Ex-ITV exec exits SBS in restructure

Former ITV director of factual and daytime Alison Sharman is returning to the UK after leaving her post at Australian cultural pubcaster SBS, which has undergone major restructuring.

Alison SharmanSharman joined SBS three years as head of commissioned content, but will return to the UK with her family at the end of the month. During her time, she ordered shows such as The Family Law, Struggle Street and Rachel Koo’s Kitchen Notebook.

“We thank Alison for her invaluable contribution to SBS,” said SBS director of TV and online content Marshall Heald. “In her time Alison has led an esteemed slate of great commissioned content across SBS, including the coup of bringing renowned chef Heston Blumenthal to the network.”

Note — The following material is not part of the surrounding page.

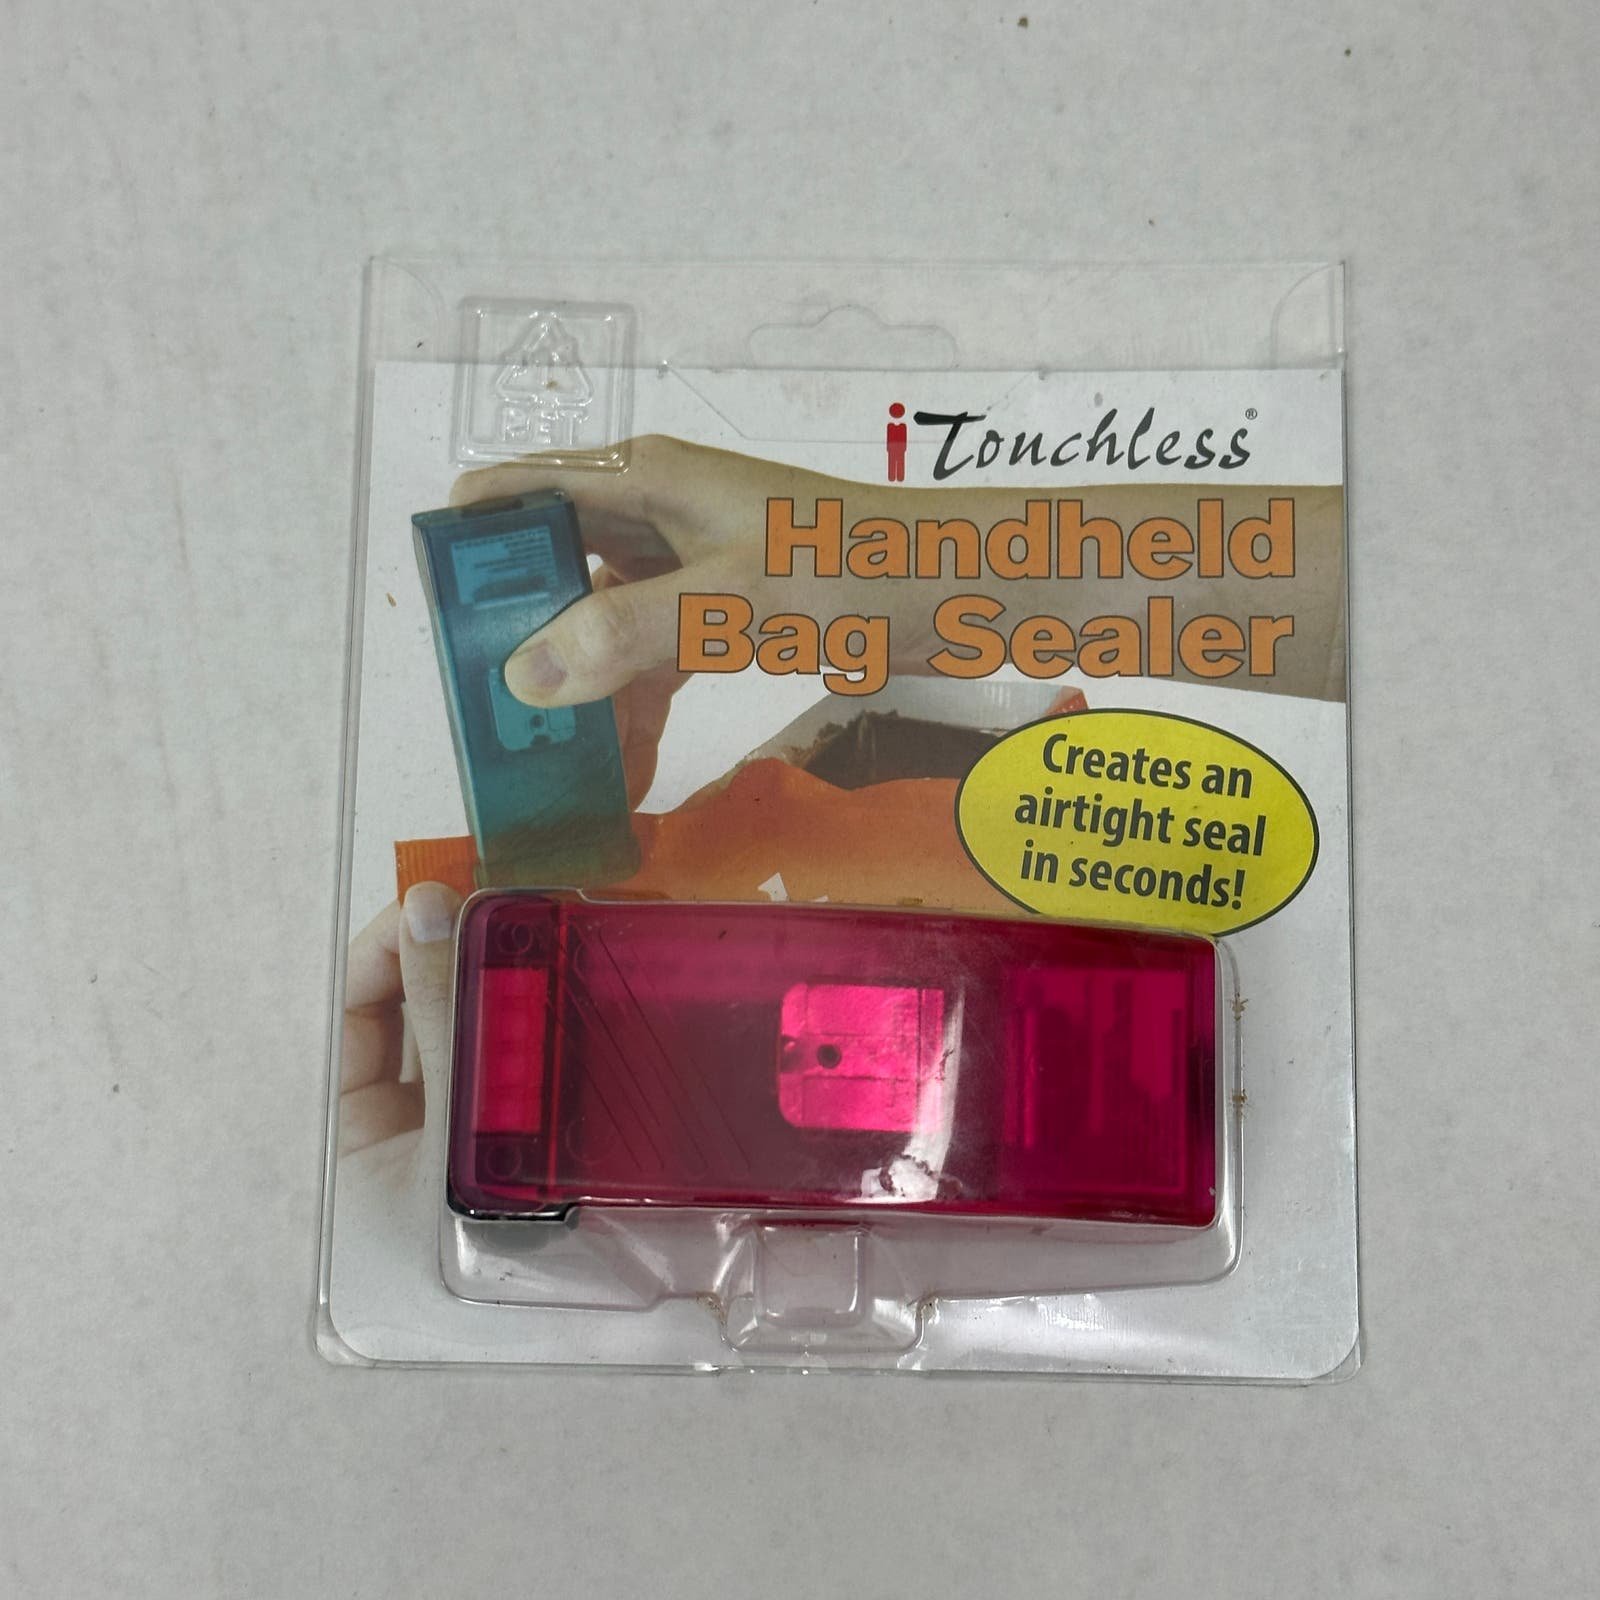 Pink itouchless Handheld Bag Sealer  New in package FUg

Sharman’s role at ITV was split into two when she exited in 2013, with Helen Warner taking on daytime and then BBC Four controller Richard Klein becoming factual chief. He recently left the commercial broadcaster following Kevin Lygo’s appointment as director of television.

As of May, SBS’s commissioning division will become two teams – scripted and and unscripted, in a restructure aimed at better focusing its investments. Sharman, who is also a former BBC daytime and children’s TV controller, had overseen both teams.

John Godfrey, currently head of documentaries, will lead the unscripted team as head on non-scripted content. Commissioning editor Joseph Maxwell has been promoted to replace him as head of docs.

Sue Masters, SBS’s executive producer of drama who’s overseeing the upcoming drama Deep Water, has been named head of scripted content. Her division will oversee all drama and comedy.

Both the scripted and non-scripted divisions will appoint new commissioning editors.

“The SBS Charter is at the heart of SBS commissioned content and these changes are about ensuring we are well-placed to continue our momentum of audience growth and to leverage new opportunities across key genres in scripted and non-scripted content that delivers distinctive, inspiring and entertaining programs for Australian audiences,” said Heald.

The news comes at an uncertain time for SBS, with debate continuing over whether it will eventually merge with larger pubcaster cousin the ABC.

The latter’s outgoing managing director, Mark Scott, in February said there should be a “grown-up conversation” about a merger, which could save millions of dollars each year.